Митя спрыгнул вслед за ним и оттолкнулся веслом от причала.

– Всё, что ль? – спросил он перед тем, как завести мотор. – Больше ничего?

– Еще просил стараться крови не пролить.

Митя подумал чуток.

– Чьей крови? – спросил он. – Чужой или своей?

– Лучше уж ничьей. Вот и всё… почти. Кое-что мне лично добавил, но это пока неважно.

– Ясно.

– Сказал, молиться за нас будет.

– Тоже дело! – Митя чуть усмехнулся.

На обратном пути начался шторм. Сразу, без подготовки. Ветер догнал их резко, напал с фланга и хлестнул колючим снегом. Тут же, словно взрывы мин, стали расти волны. Когда они поднялись настолько, что их гривы несколько раз перехлестнули через ветровое стекло «Казанки», Митя включил помпу для откачки воды и закричал Сливе в самое ухо:

– Режь веревку, лодку не удержим! Утащит на дно!

Слива коротким движением выполнил команду, сунул нож обратно в сапог и навалился на переднюю скамью, чтобы выровнять «Казанку» по горизонту. Ту жестко било в дно, но Мите за мотором стало легче взбираться на волны. Отпущенная на вольную смерть лодка скрылась за черными, в клочьях пены горбами воды, за кипящей снежной крупой.

Ветер нес их мимо Рымбы. Чтобы попасть домой, нужно было двигаться под углом к волнам. Взбираться на них, пробивая носом самые высокие, потом резко разворачиваться на одном из гребней и, балансируя на нем, лететь в обратную сторону. Повернуться бортом к волне в нижней точке означало либо перевернуться, либо зачерпнуть полную лодку воды со снегом и все равно пойти на дно.

Слива одной рукой держался за борт, другой вычерпывал кастрюлей воду из-под ног. Ему было все же легче: он скрывался за стеклом и волны не били его напрямую, как Митю, прятавшегося от них под капюшоном рокана. Помпа своим шлангом выстреливала воду из лодки за борт, но все же не справлялась. Лодка наполнялась снежной кашей. Митя, удерживая рулевую рукоятку, свободной рукой бросал эту кашу в волну.

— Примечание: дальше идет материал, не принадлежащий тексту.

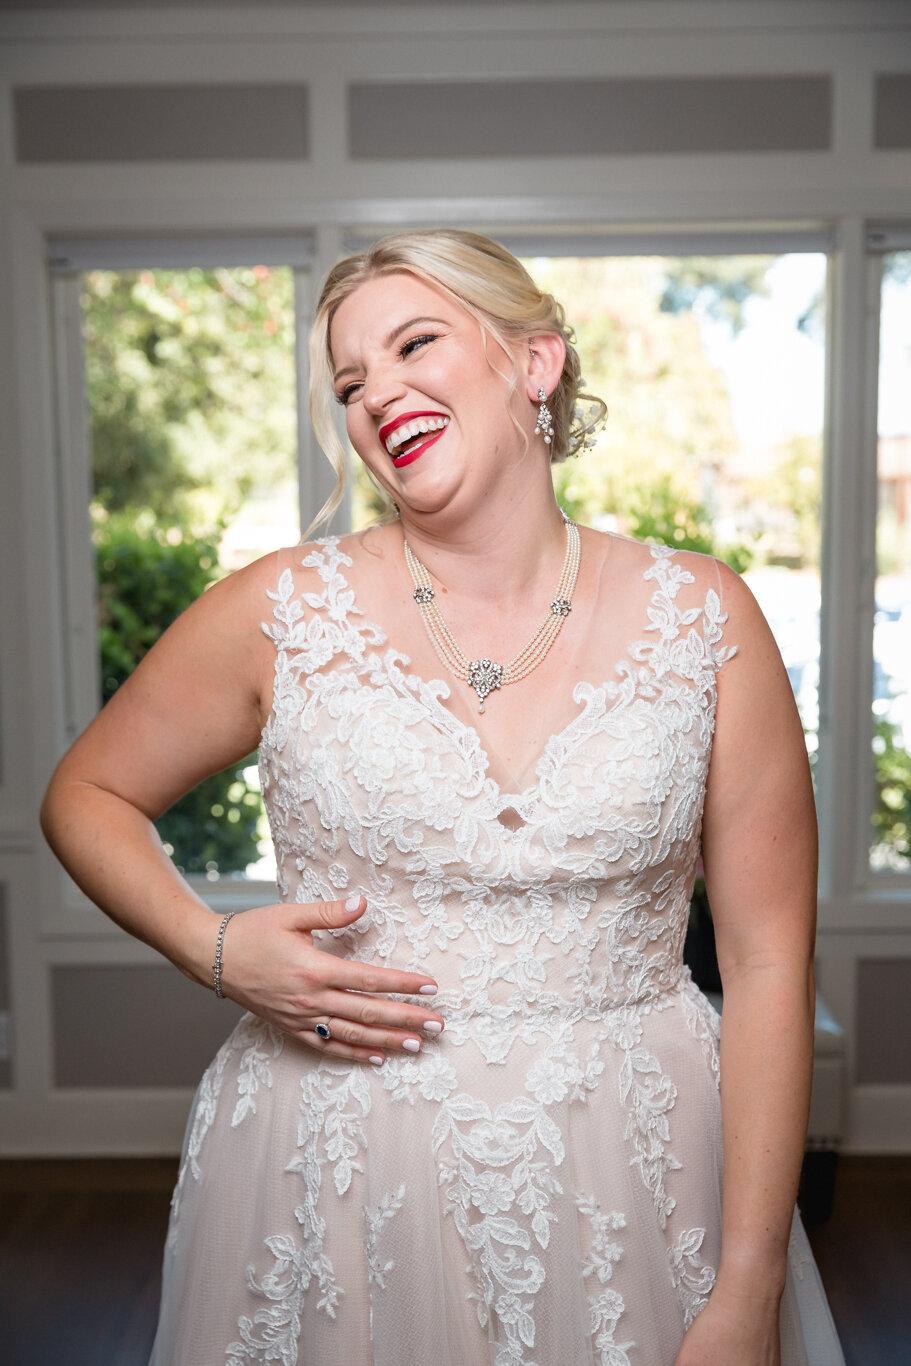 2019.08.24_Emily-Ashir-Wedding-at-the-Maples-5220.jpg

– Все, идем по ветру! – наконец крикнул он Сливе. – Куда-нибудь да вынесет!

Он круто развернул «Казанку», поставил ее кормой к ветру и чуть сбавил обороты мотора, чтобы удержаться на вершине. Лодка застыла в полете, толкаемая озером прочь от дома. И едва только они поймали спинами ритм шторма, как ветер стал стихать, остыл и превратился в бриз. Снежный заряд иссяк. Шапки пены растворились в волнах, остался лишь накат, сквозь который все же можно было пробиваться.

Быстро темнело. Вдалеке на берегу тепло и маняще засветились огни села.

– Здесь переночуем! – Митя поежился. – Сырой весь, как Волдырев ястреб…

Глава 12Пушечка и стихи

«…Хоть Рымба и на острове, а при царице-матушке Екатерине Алексеевне и она разного горюшка отведала, как и вся наша мандера, все побережье. Подчистую мужиков, эх, от мала до велика, к Александровским заводам приписали, последних вольностей народ лишили. Ни в мещане записаться, ни с земли в слободу уйти. А в конце мая года шестьдесят девятого указ Сенатский вышел – хоть плачь!

Подушная подать так взросла, что не продохнуть, а оброк и того хлеще! И в заводах теперь надо день и ночь работать всем, от детей до стариков. Царицыны временщики то с турками воюют, то со шведами, а в их честь мужики наши „тягло по силам” тащат. Оно, конечно, воевать, наверное, надобно, только нам и без войны трудов хватает…

Графья Орловы да князья Потемкины – господа героические, врага крестьянской кровушкой воюют-потчуют, поместья получают, ордена на лентах через груди вешают, а приказчики в заводах не стесняются, приписных мужичков сапожками пинают, рабами обзывают. Для краткости. Потому что теперь только дворяне имеют честь и право.